> **DESCRIPTION OF THE TASK**:
Look below for the line that has "3 Gatsu No Lion"; output exactly from it through the line that has "Saoake Flea Market", and leave the pictures out.

> **DATA SUPPLIED**:
-=-=-=-=-

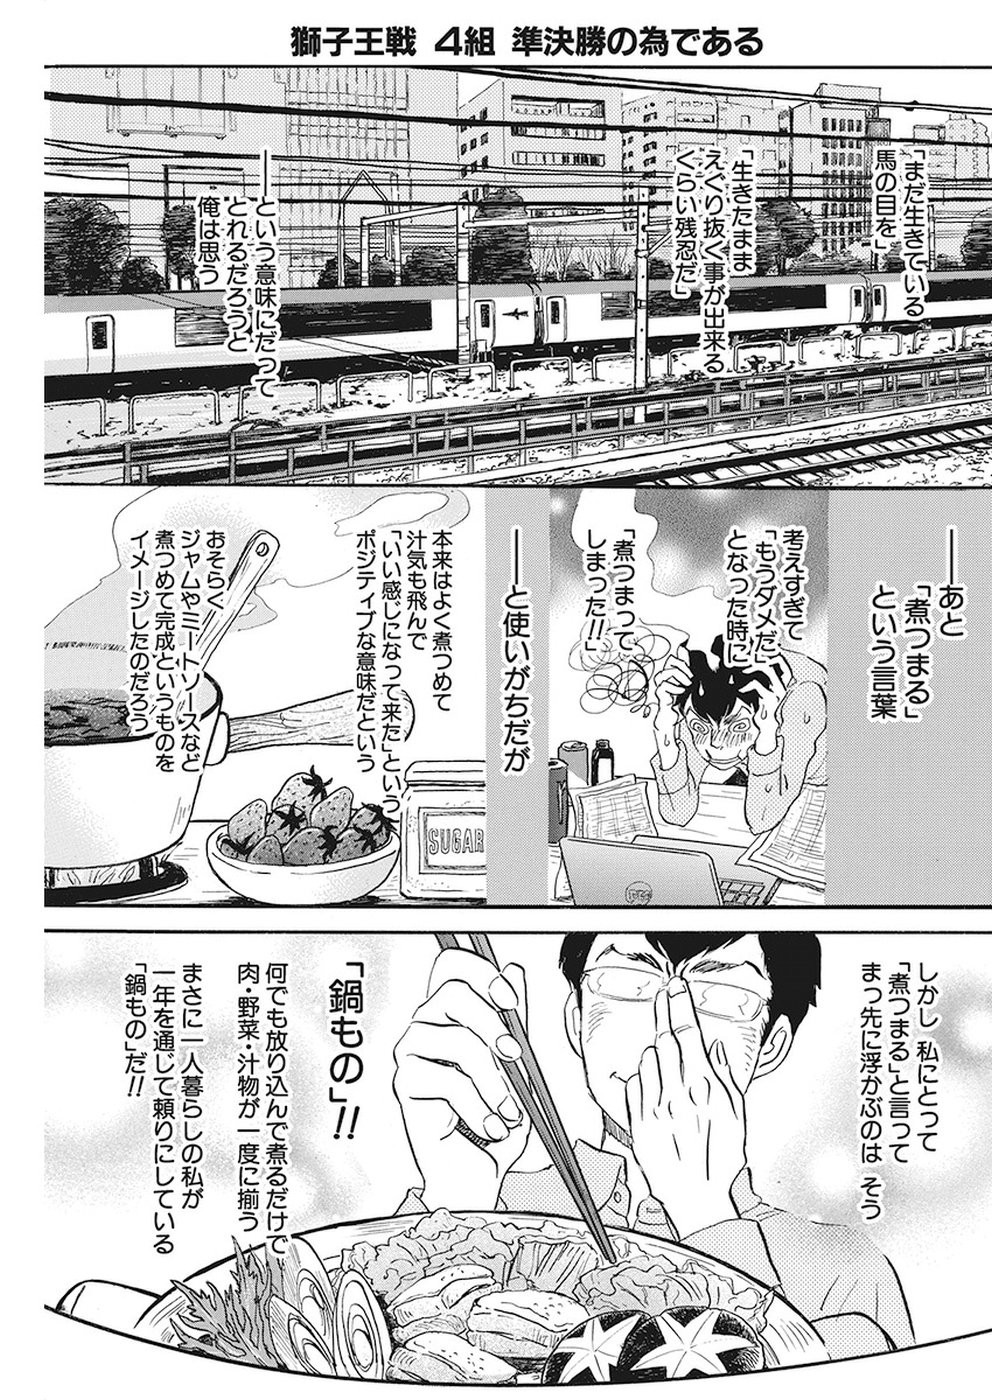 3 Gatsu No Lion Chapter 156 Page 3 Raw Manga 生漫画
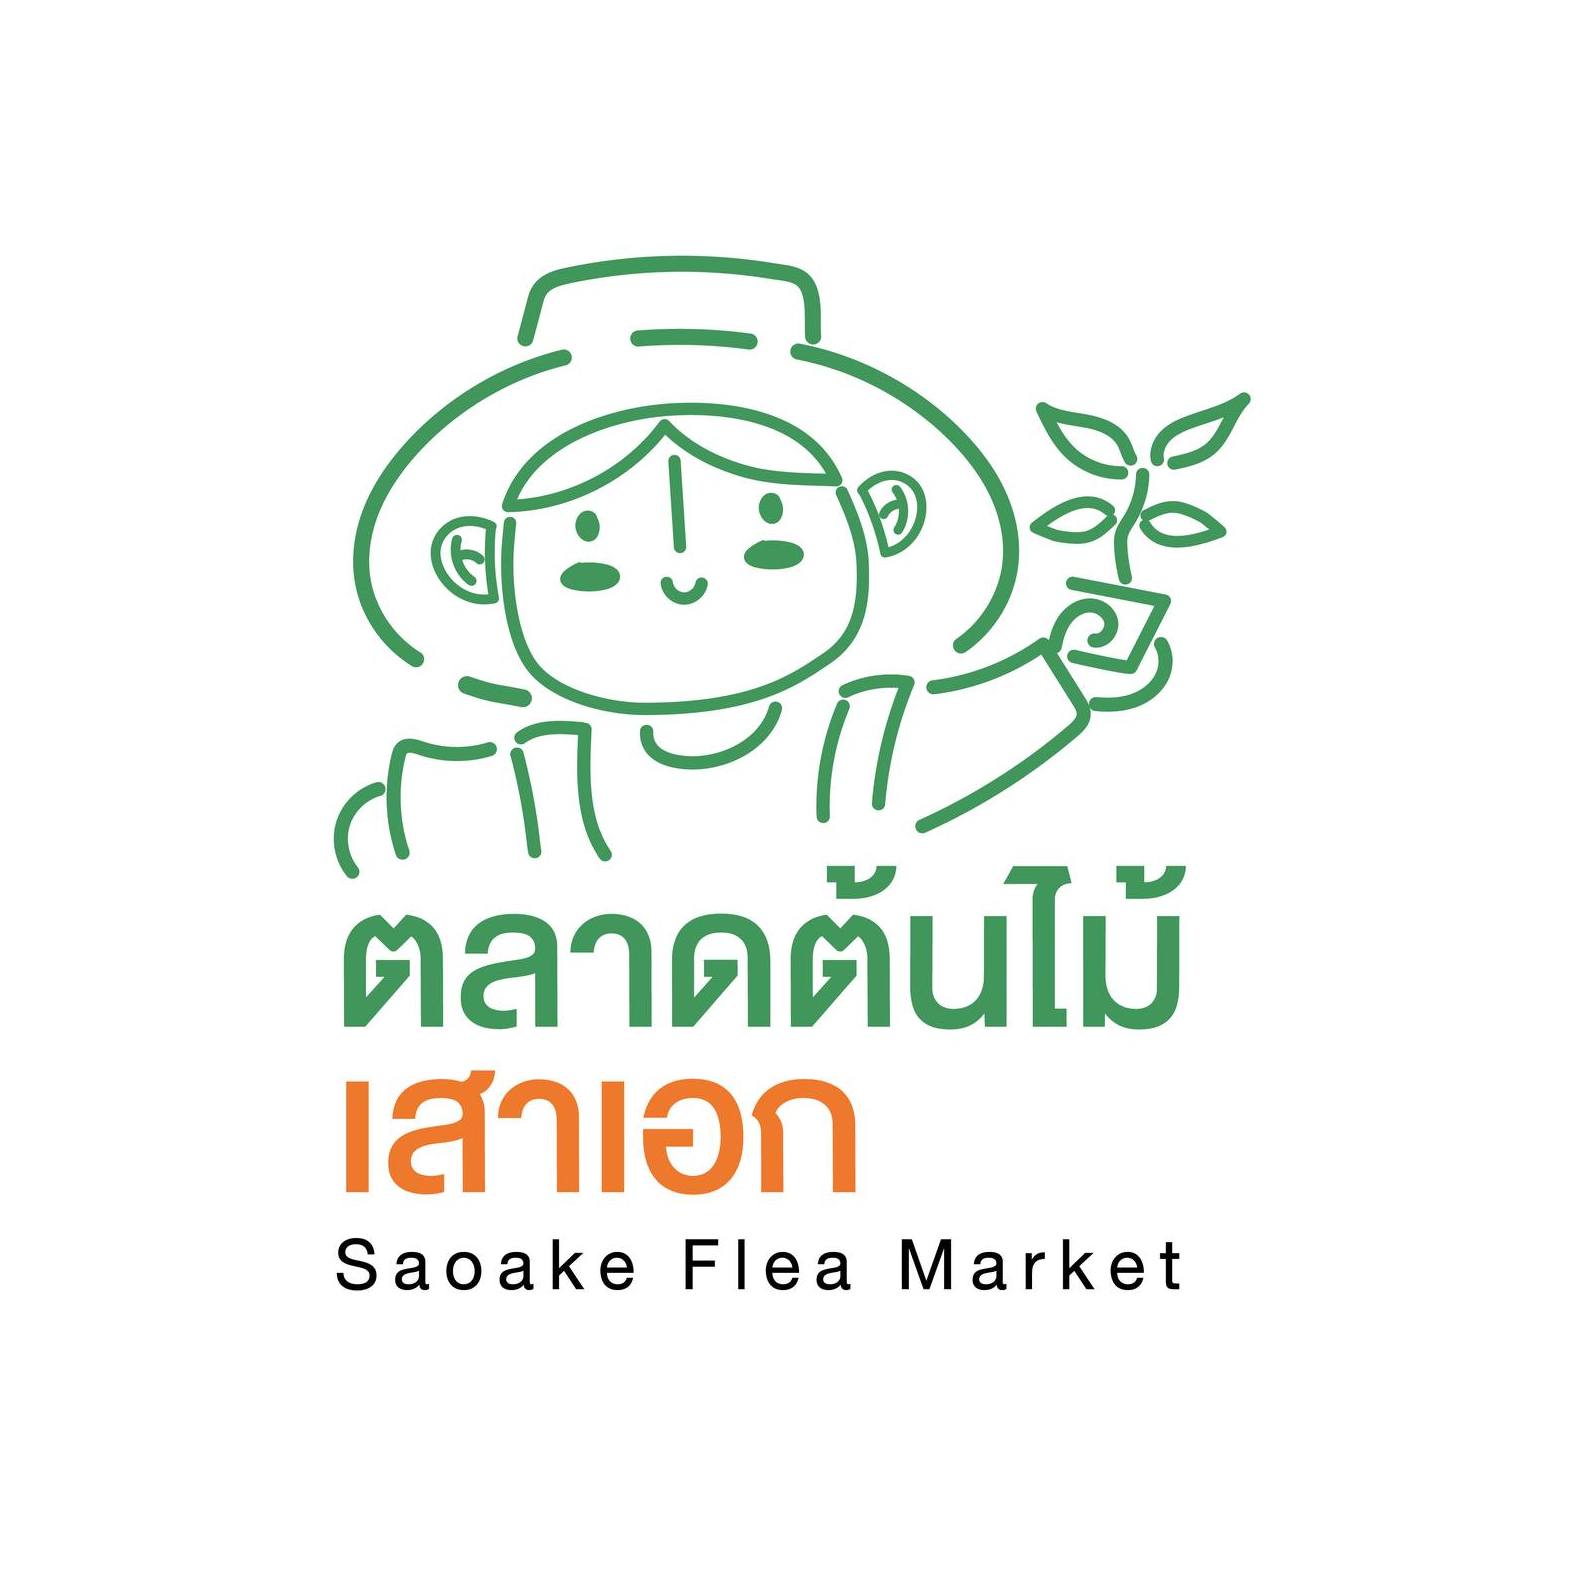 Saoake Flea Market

-=-=-=-=-

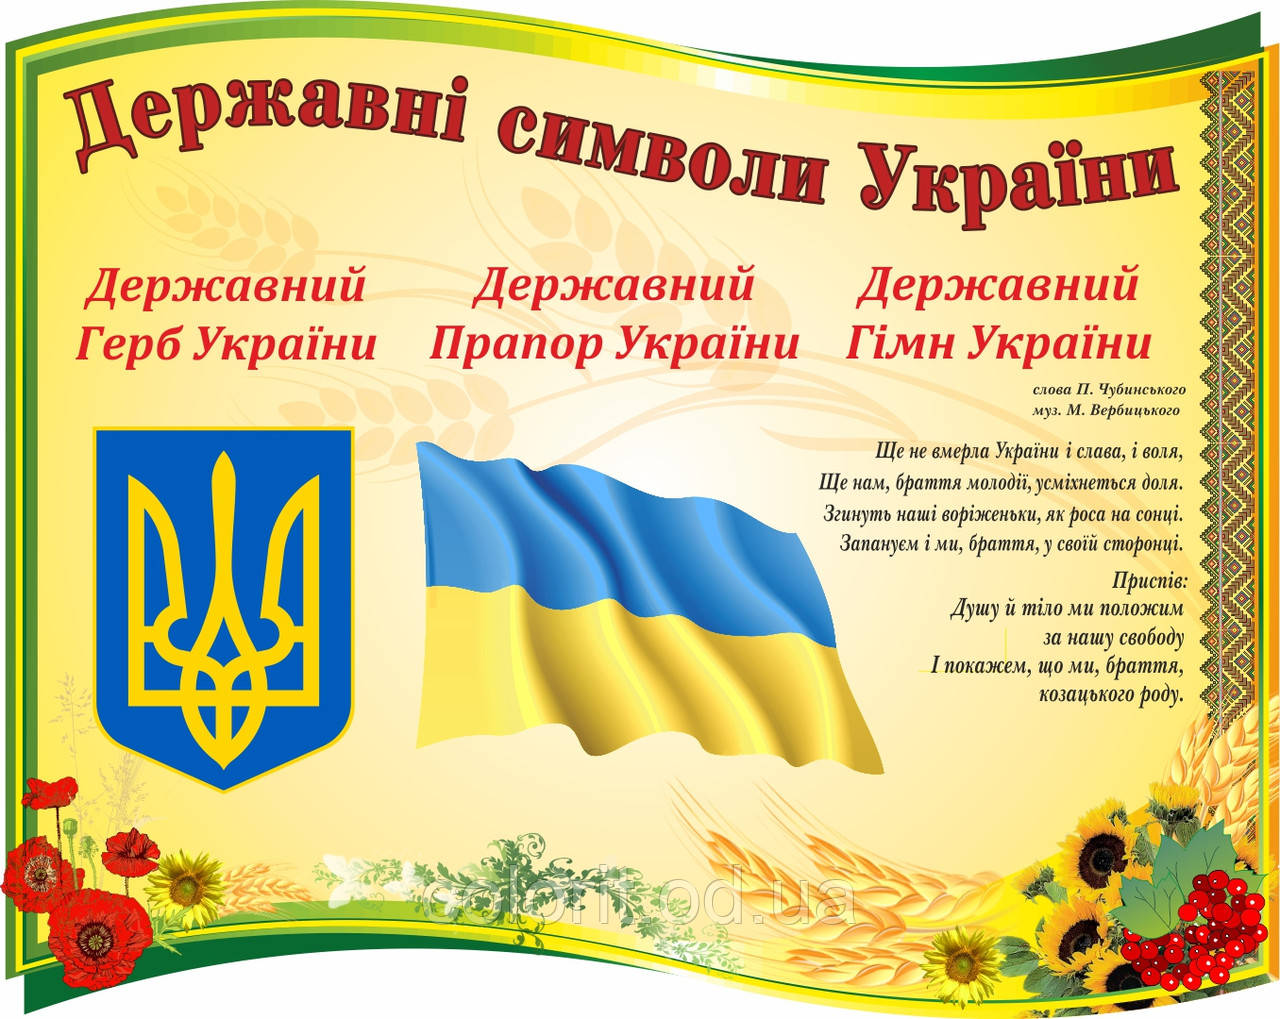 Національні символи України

-=-=-=-=-

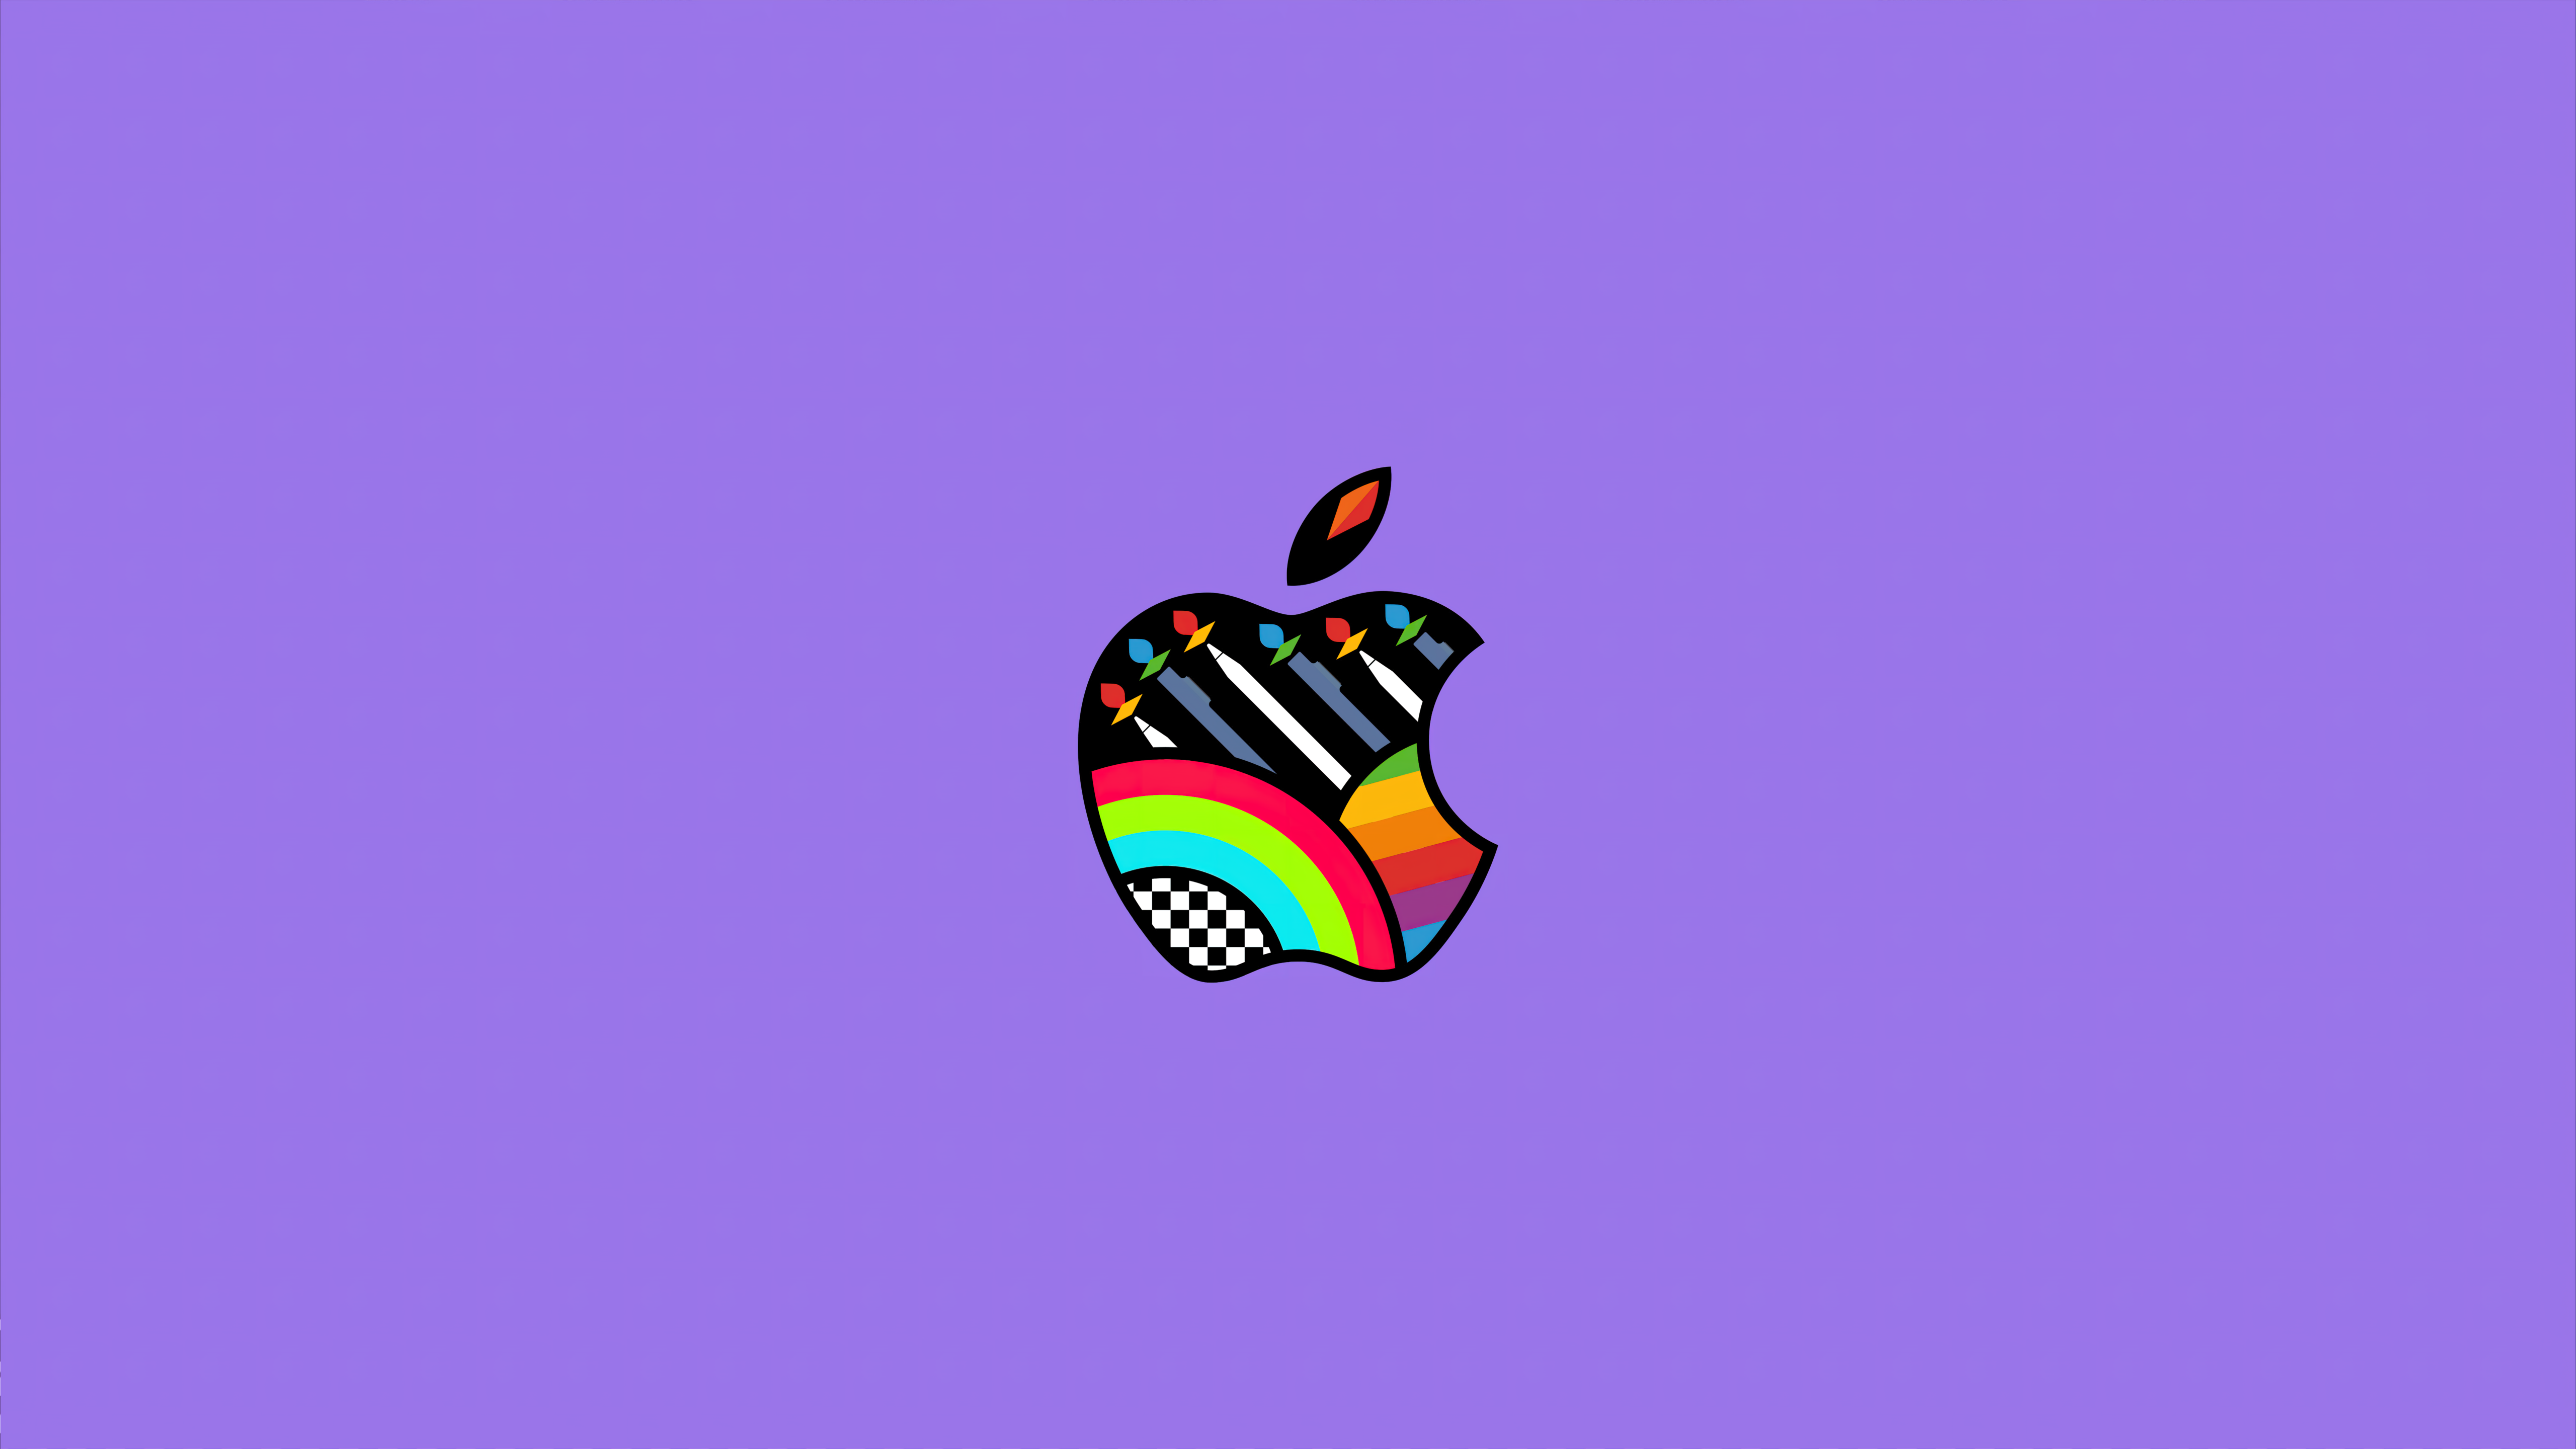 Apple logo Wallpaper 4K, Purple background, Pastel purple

-=-=-=-=-

> **TASK RESPONSE**:
 3 Gatsu No Lion Chapter 156 Page 3 Raw Manga 生漫画
 Saoake Flea Market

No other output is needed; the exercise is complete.